Das Element des Urbanen in Woody Allens Filmen


Seminararbeit, 1997
32 Seiten, Note: 1,0

Leseprobe

Inhaltsverzeichnis

1. Einleitung

2. Die Rolle der Stadt in Woody Allens Filmen

3. Die Menschen und die Stadt
3.1. Die Verklärung der Stadt
3.2. Die Stadt als personales Gegenüber und Identifikationsfigur

4. Der Stadt-Land-Gegensatz in Woody Allens Filmen
4.1. Die Stadt als natürlicher Lebensraum des Stadtneurotikers
4.2. Das Land als feindliche Welt.

5. Andere Städte sind keine Städte - New York ist die Stadt

6. Ist Woody Allen ein urbaner Erzähler?.

7. Fazit

8. Literaturverzeichnis

1. Einleitung

In Woody Allens Filmen, mit wenigen Ausnahmen, nimmt die Stadt, neben den in ihren komplizierten Beziehungen verflochtenen Männern und Frauen, eine tragende Rolle ein. Die Großstadt als Ort von Beziehungen[1] ist Schauplatz des Geschehens, nur hier können die Geschichten sich ereignen, die Woody Allen uns vorführt. Daß es sich dabei um eine besondere Stadt, New York - und meistens Manhattan - handelt, ist dabei nicht außer acht zu lassen. Zudem zeigt uns Allen immer ein bestimmtes Milieu, das der New Yorker Intellektuellen und Künstler. Sie leben mit, in und von der Stadt. Sie ist ihr "natürlicher" Lebensraum. Sie, die mit einer Vielzahl von Komplexen behaftet zu sein scheinen, rennen wild gestikulierend über ihre seelischen Probleme und Defizite redend durch die Stadt. Damit schafft Allen fast schon ein eigenes Genre.

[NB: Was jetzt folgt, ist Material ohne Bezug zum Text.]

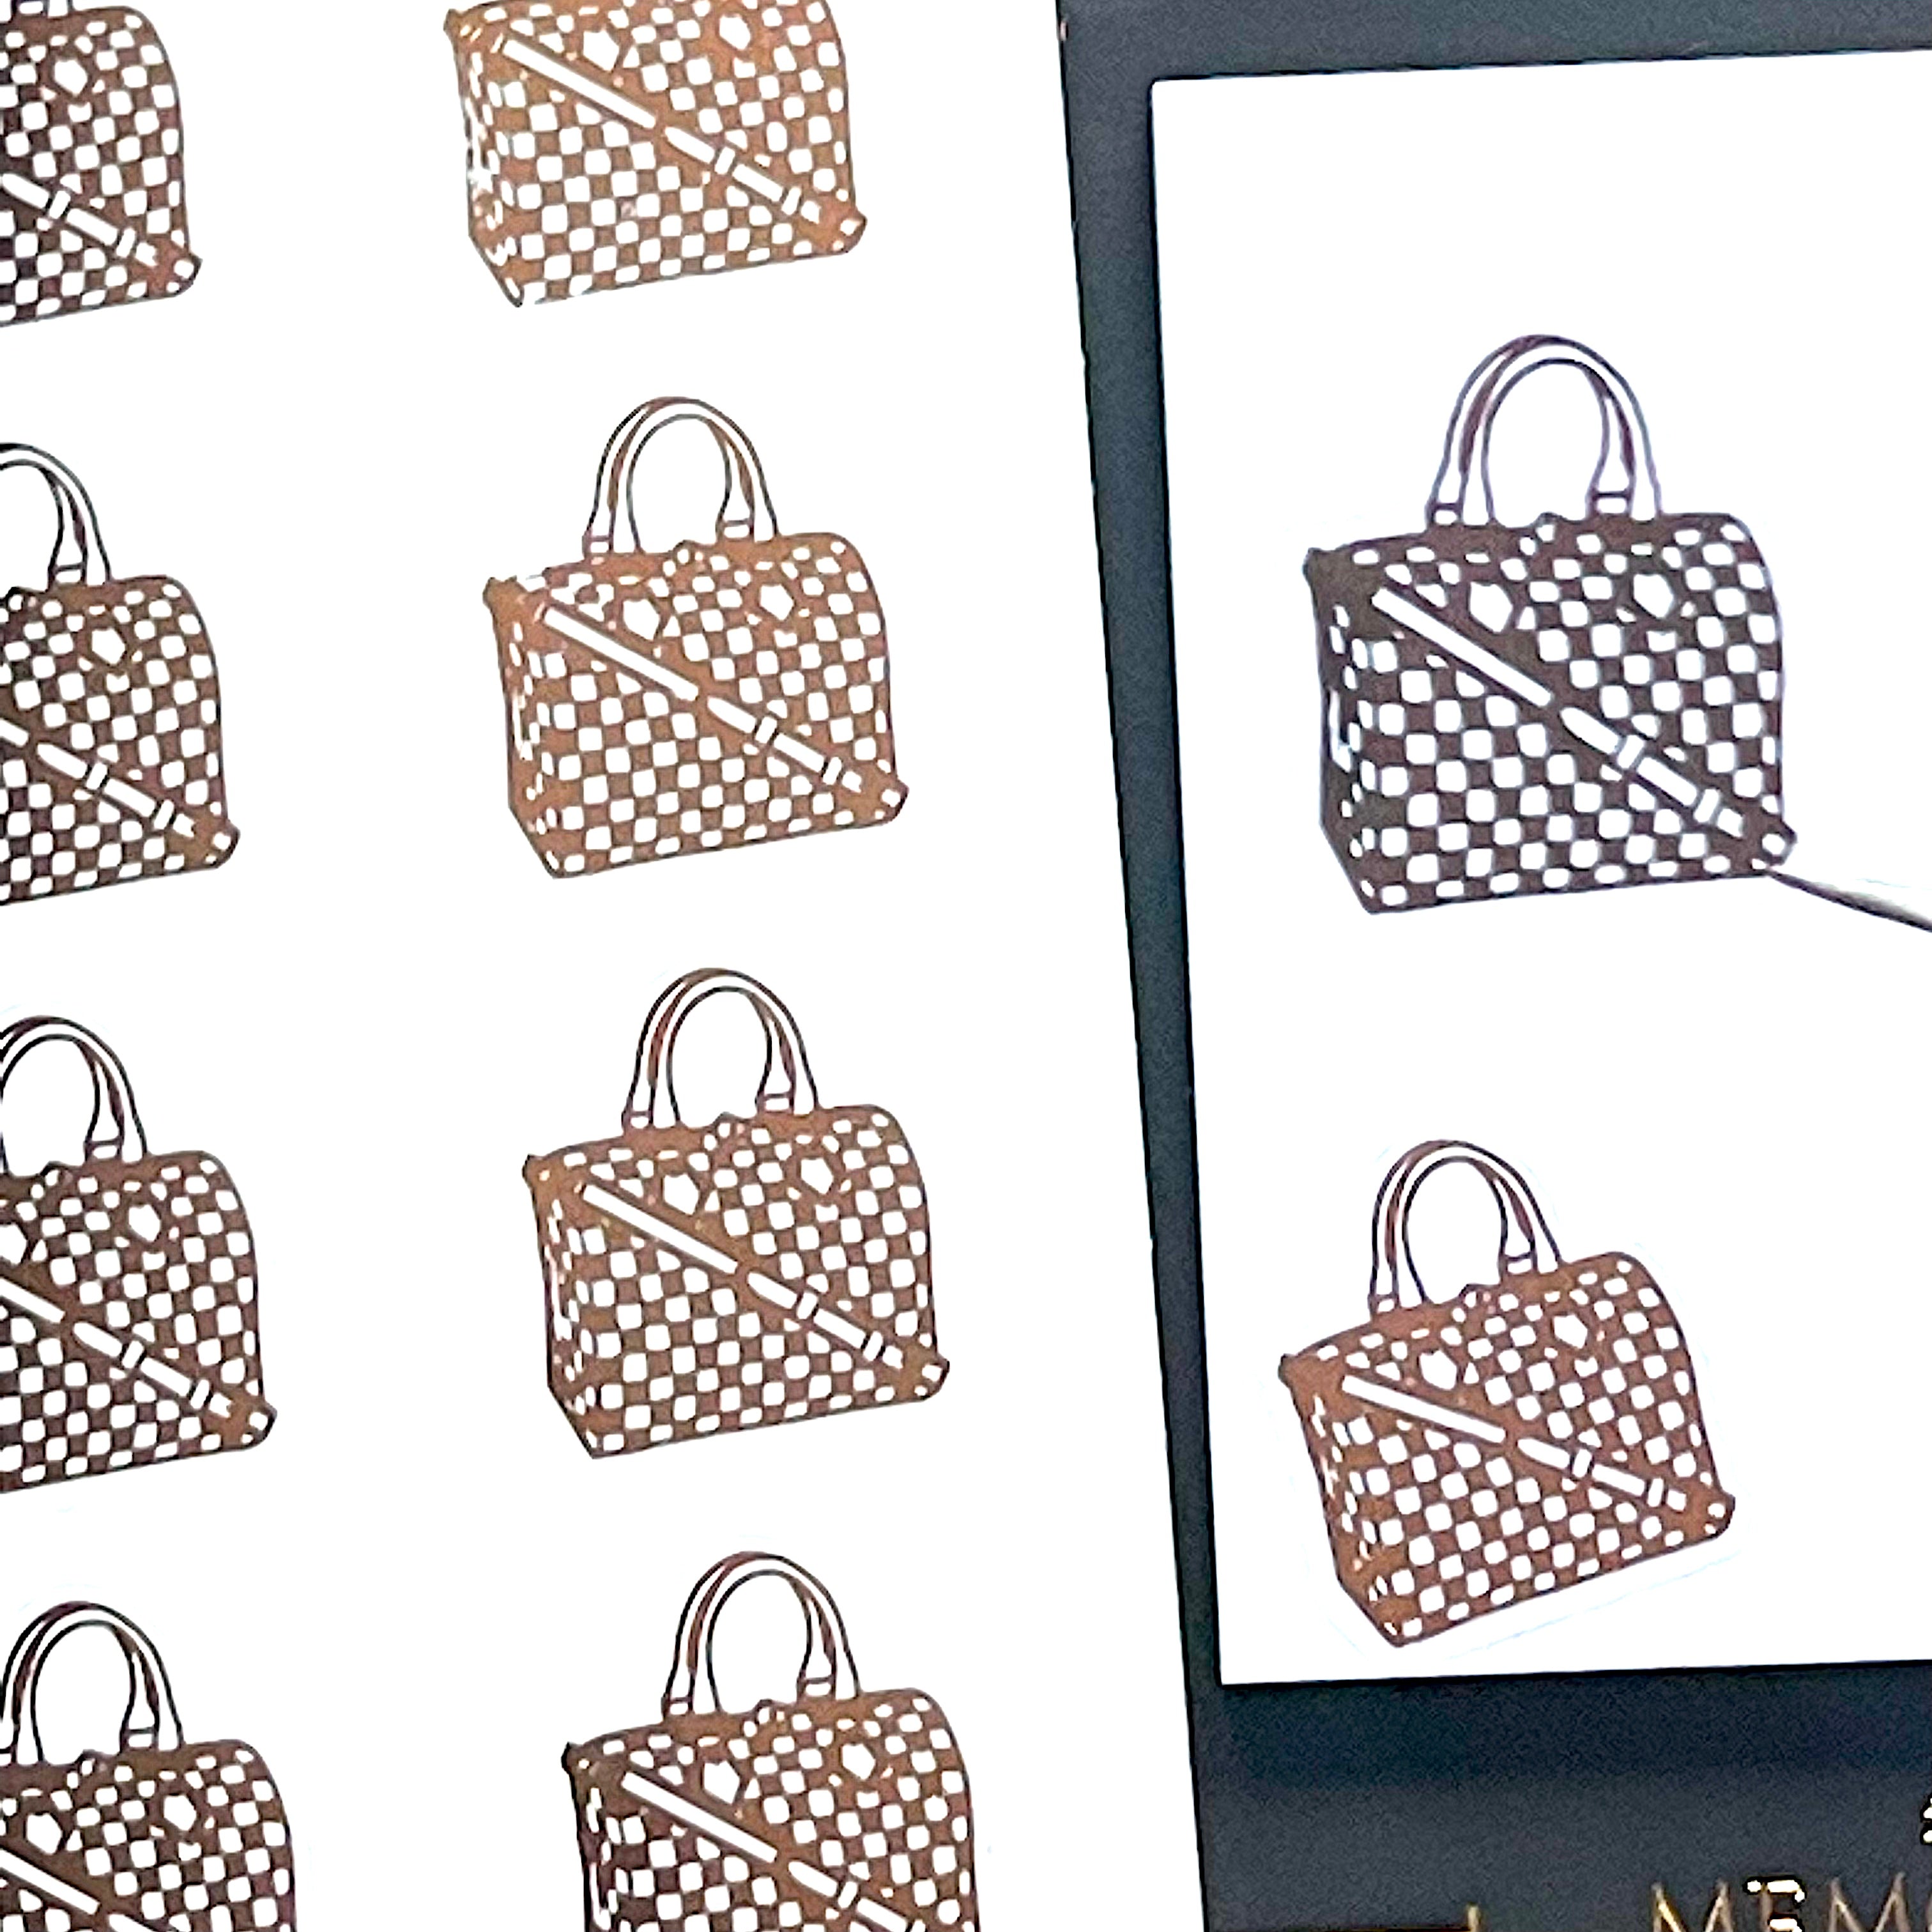 Luxury Bag Stickers- L V – Vantage Agendas

Wie dieses urbane Element in Allens Filmen zum tragen kommt, soll im Folgen­den betrachtet werden. Daran anschließend soll diskutiert werden, ob Woody Allens Erzählweise einem Typus des "Urbanen Erzählens" zugeordnet werden kann.

Bei den behandelten Filmen wurde auf die deutschsprachigen Synchronfassungen und Drehbücher zurückgegriffen.

2. Die Rolle der Stadt in Woody Allens Filmen

Stadt und Film gehören zusammen. Sie sind sich nicht fremd. Der Film ist avanciertes Medium der Stadt. Er ist nicht ihr neutraler Beobachter, sondern zu­sammen mit dem Kino als Teil der modernen Stadt anzusehen.[2]

In Woody Allens Filmen ist diese Verwandtschaft von Objekt und Subjekt stets spürbar, sowohl durch die ständige Präsenz der Stadt, als auch durch die Re­flektion des Filmischen an sich in Form von Anspielungen, Zitaten und Themen[3].

Wie sich die Stadt im Film zeigt, bleibt aber im allgemeinen in jedem einzelnen Fall offen. Oft ist die Stadt nur Kulisse. Wie weit sie auch Gegenstand und Thema des Films ist, zum Akteur und Darsteller wird, ist fraglich. In der Ge­schichte des Kinos zeigt sich die Stadt so auch oftmals als "routiniert abgefilm­tes Klischee", als "stereotype Mixtur aus Versatzstücken" oder "als kulturelles Klischee".[4]

Ein Großteil von Woody Allens Filmen spielt in New York, bzw. Manhattan. "Der Stadtneurotiker"(1977) und "Manhattan"(1979) sind hier als herausra­gende Beispiele zu nennen, in denen Allen "authentisch-präzise Intellektuellen­porträts"[5] vorführt. Filme, die darüber hinaus den gleichen Schauplatz und ähn­liches Milieu zeigen sind: "Stardust Memories"(1980), "Broadway Danny Rose"(1984), "Hannah und ihre Schwestern"(1986), "Ödipus ratlos"(1989), "Verbrechen und andere Kleinigkeiten"(1989), "Ehemänner und Ehefrauen"(1992), "Manhattan Murder Mystery"(1993) und "Geliebte Aphrodite"(1995).

Es stellt sich nun die Frage: Was ist das für eine Stadt die Woody Allen uns zeigt?

Es ist eine Stadt der Theater, Kinos, Museen; eine Stadt der Buchläden, Restau­rants und Cafes. Es ist eine Stadt, in der bequem alles zu Fuß zu erledigen ist. So gesehen fast ein Dorf[6]. Und wenn man mal zu Fuß nicht weiterkommt, fährt man nicht etwa U-Bahn, sondern Taxi[7]. Der Regisseur versteht es, "die Stadt auf das zu reduzieren, was seine Figuren zum Leben brauchen"[8].

Mit dem realen New York, mit allen seinen sozialen Facetten, hat das gezeigte Bild nicht viel gemein. Allens New York ist eine Kunstschöpfung. Es ist nicht nur der Schauplatz des Geschehens, sondern selbst Charakter, Rolle und deshalb reduziert und typisiert. Keine andere Stadt kann diese Rolle übernehmen. Sie ist New York auf den "Leib" geschrieben.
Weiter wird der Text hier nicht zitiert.